Forum Moderators: open

Message Too Old, No Replies

DDOS by Doctype: W3C burdened with excessive DTD traffic

         

encyclo

1:42 am on Feb 10, 2008 (gmt 0)

WebmasterWorld Senior Member 10+ Year Member



From the W3C Systems Team: W3C's Excessive DTD Traffic [w3.org]
If you view the source code of a typical web page, you are likely to see something like this near the top:

<!DOCTYPE html PUBLIC "-//W3C//DTD XHTML 1.0 Strict//EN"
"http://www.w3.org/TR/xhtml1/DTD/xhtml1-strict.dtd">


and/or

<html xmlns="http://www.w3.org/1999/xhtml" ...>


These refer to HTML DTDs and namespace documents hosted on W3C's site.

Note that these are not hyperlinks; these URIs are used for identification. This is a machine-readable way to say "this is HTML". In particular, software does not usually need to fetch these resources, and certainly does not need to fetch the same one over and over! Yet we receive a surprisingly large number of requests for such resources: up to 130 million requests per day, with periods of sustained bandwidth usage of 350Mbps, for resources that haven't changed in years.

That's 1500 requests a second, with close to 100% of requests being totally unnecessary.
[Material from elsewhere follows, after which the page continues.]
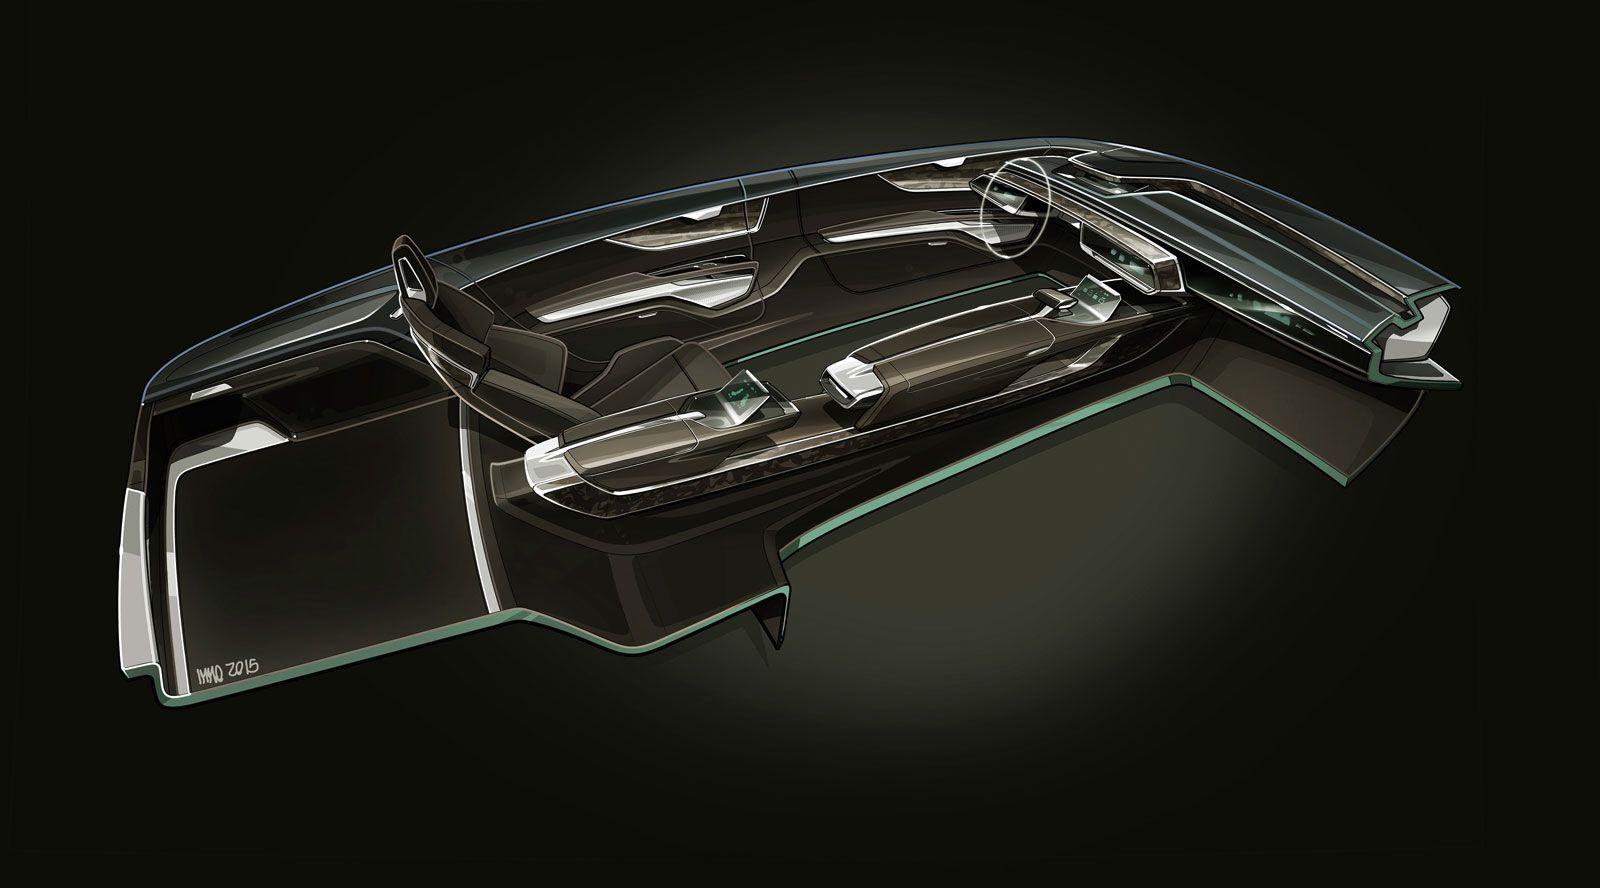 Audi-Prologue-allroad-Concept-Interior-Design-Sketch-Render-01.jpg (1600×888)

Note that normal web browsers such as IE or Firefox don't fetch the DTD, or if they did they would cache it.

I believe this is a good example of the effect that rogue crawlers are having on websites - there are a large number of crawlers which grab pages and fetch everything which looks like a link - and the crawlers are not sophisticated enough to analyse the HTML and realize that the links in the DTD and

xmlns
should be ignored.

So, as there are millions of documents out there which declare a "full" doctype, we are all contributing to a permanent distributed denial-of-service (DDOS) attack on the W3C!

The W3C are partially to blame - they placed the DTDs under their primary website (www.w3.org) instead of a dedicated subdomain, and they encouraged the use of their DTDs for all (X)HTML documents, despite the fact that the XML folks all know that DTDs Don’t Work on the Web [hsivonen.iki.fi]. Perhaps it's time for me to update the Doctype FAQ [webmasterworld.com] and suggest some of the (several) doctypes which conserve standards-compliance mode but don't include the DTD link...

Solution1

7:12 am on Feb 10, 2008 (gmt 0)

10+ Year Member Top Contributors Of The Month



The HTML 5 doctype would solve this problem:

<!DOCTYPE html>

JAB Creations

8:52 pm on Feb 10, 2008 (gmt 0)

WebmasterWorld Senior Member 10+ Year Member



HTML 5 is not acceptable as it's lacking version passively declares itself as the final version of HTML which frankly I find laughable and inexcusable. I will stay with XHTML 1.1 and use HTML 5's features by utilizing the beauty of XML by using the proper media type: application/xhtml+xml when the time comes that support exists for useful HTML 5 features.

I agree with encyclo in regards to the idea revolving around a subdomain. Bots are just plain stupid and screw up access logs with endless 404s making it difficult to find and repair legitimate 404s if it weren't for interesting counter-tactics and intelligent statistics scripts.

A good question: what browsers have a legitimate reason to fetch doctypes? I presume browsers that don't keep an internal copy?

- John

encyclo

9:29 pm on Feb 10, 2008 (gmt 0)

WebmasterWorld Senior Member 10+ Year Member



HTML5 versioning is a whole other debate ;) However, you're right in that the HTML5 pseudo-doctype is a solution, however it has the current disadvantage that you can't validate against a draft specification, and validation helps fix many problems when developing a site.

Like I said, the traffic problem doesn't come from browsers, as they don't actually take any notice of the doctype as such apart from using it as a rendering-mode switch. However, many bots are simple downloaders which just parse for anything that looks like a link without analyzing the page content at all, and this is probably they are requesting the DTDs for every page which includes them.

There is no real possibility of the W3C moving the DTDs, they are the biggest proponents of "Cool URIs don't Change" after all, and it would break many thousands of documents and applications.